=== Begin Enclosure ===
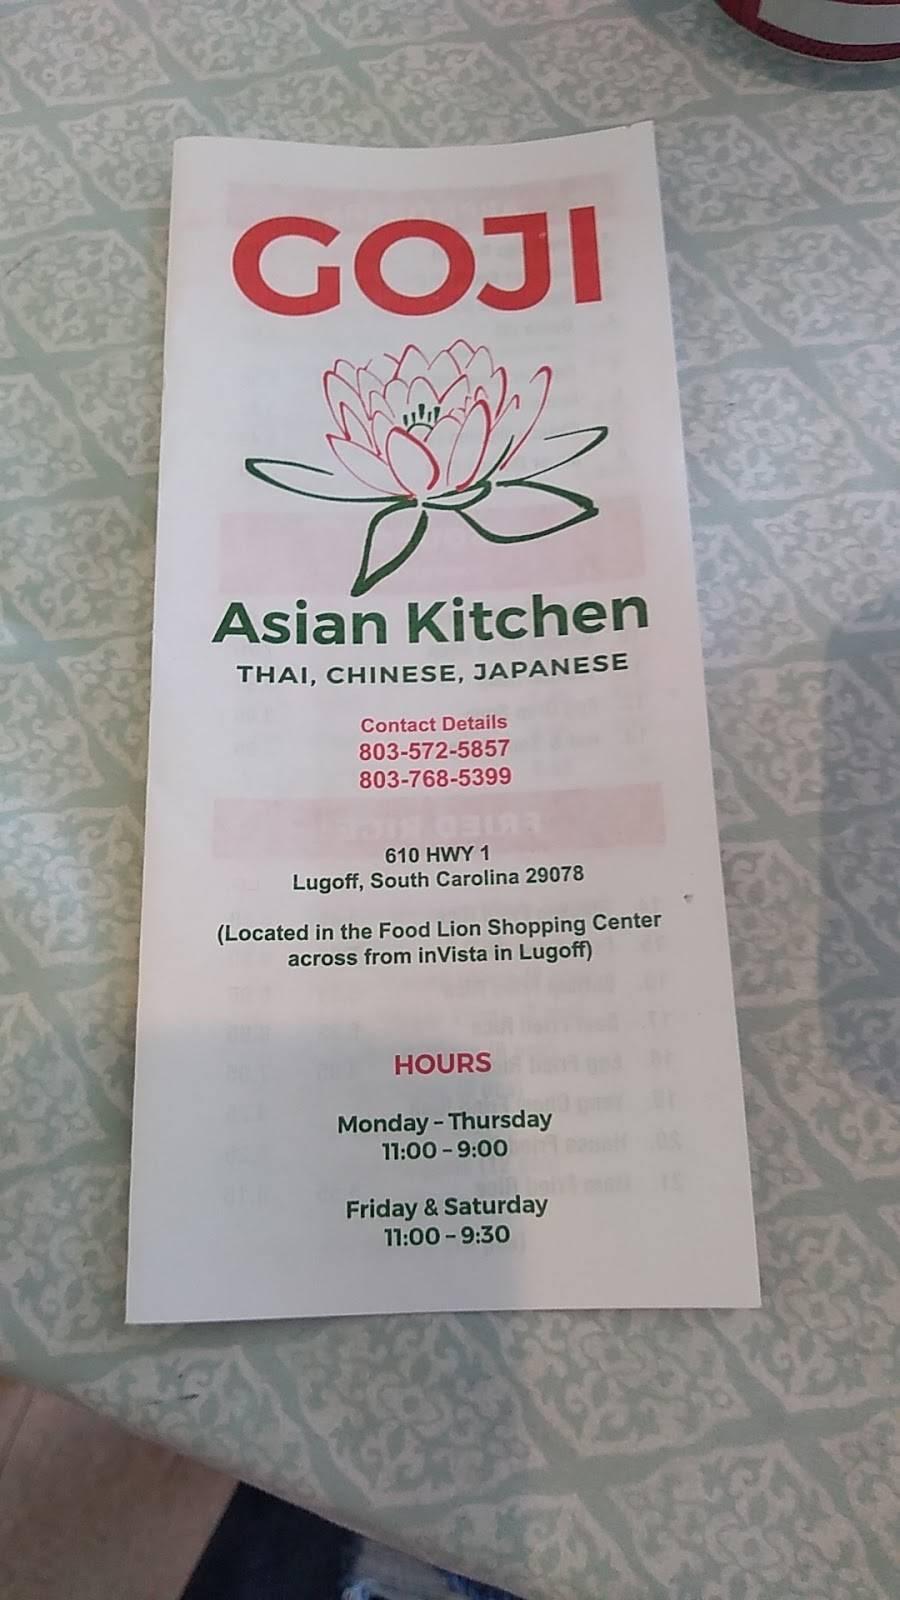 Goji Asian Kitchen   restaurant   610 US-1, Lugoff, SC 29078, USA   8035725857 OR +1 803-572-5857
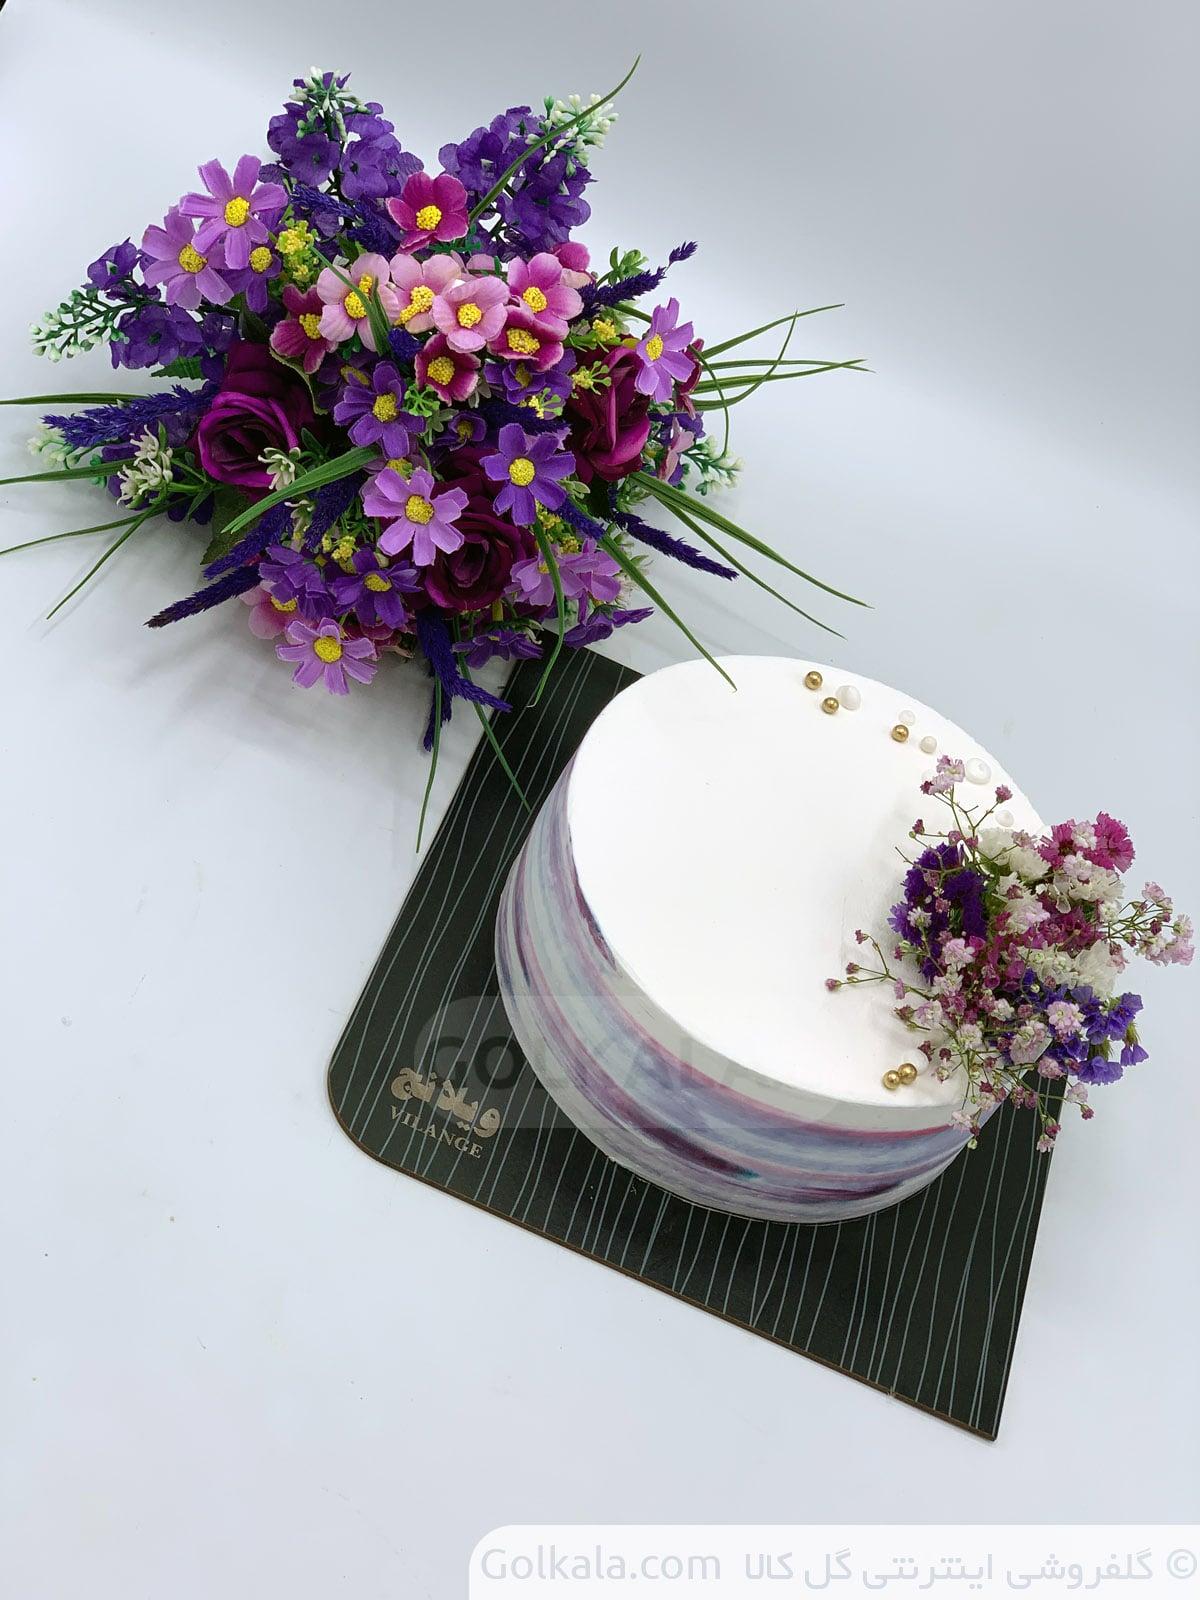 دسته گل مصنوعی بنفش یاسی گل خشک رز شکوفه زیبا ارزان قیمت سفارش
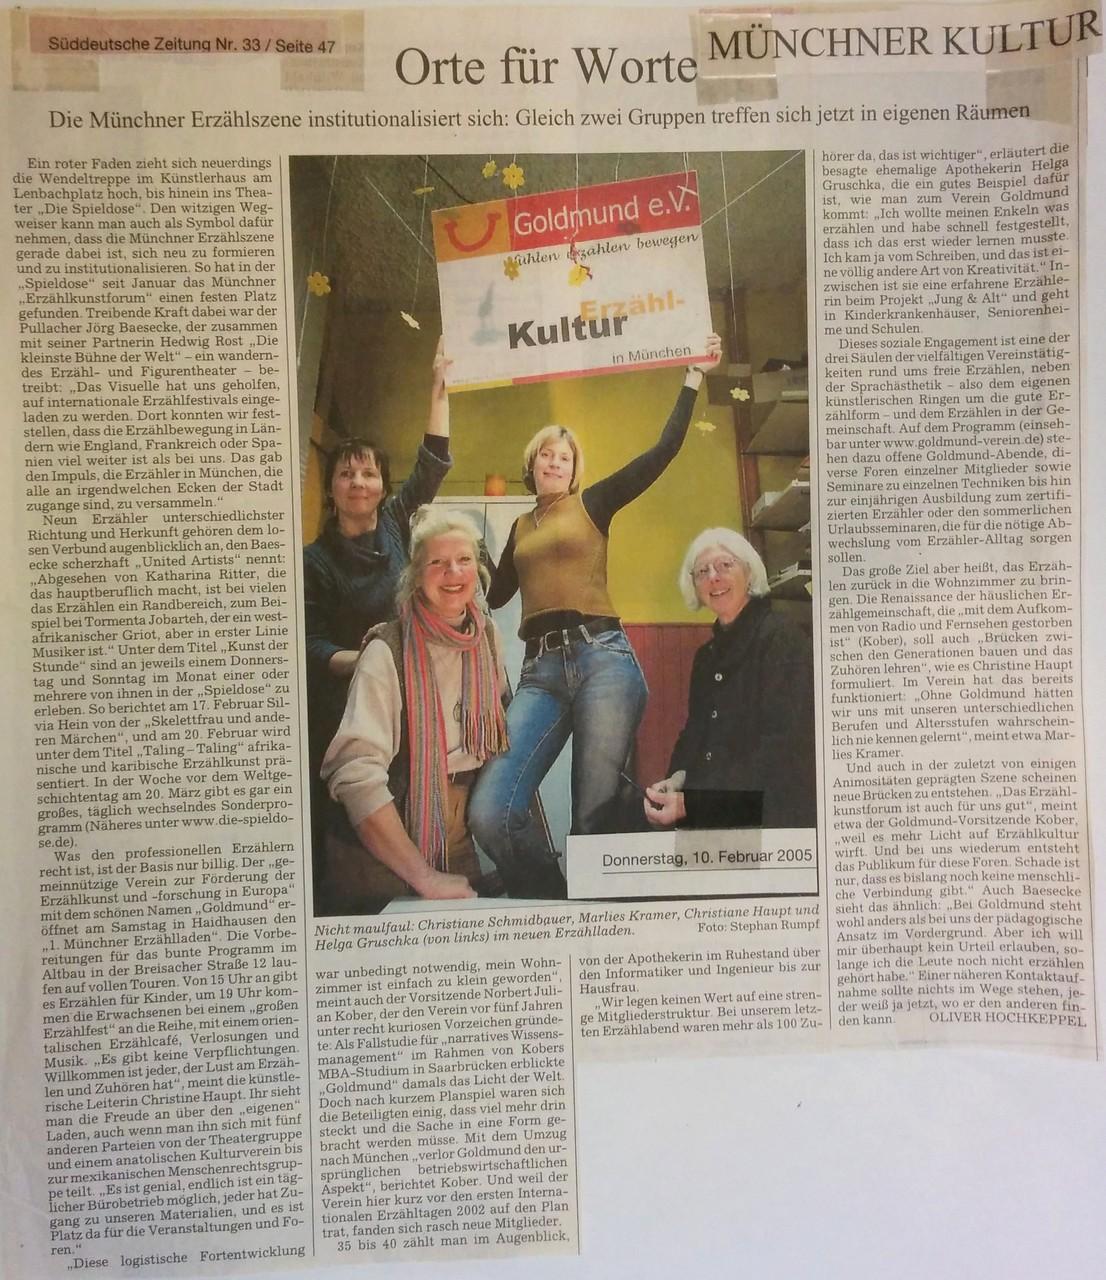 Süddeutsche Zeitung - 10.02.2005
=== End Enclosure ===
■ Instructions for the task:
The line containing "دسته گل مصنوعی" and every line after it, through the end of the material above, are to be printed exactly; no pictures belong in the output.

■ Problem solution:
 دسته گل مصنوعی بنفش یاسی گل خشک رز شکوفه زیبا ارزان قیمت سفارش
 Süddeutsche Zeitung - 10.02.2005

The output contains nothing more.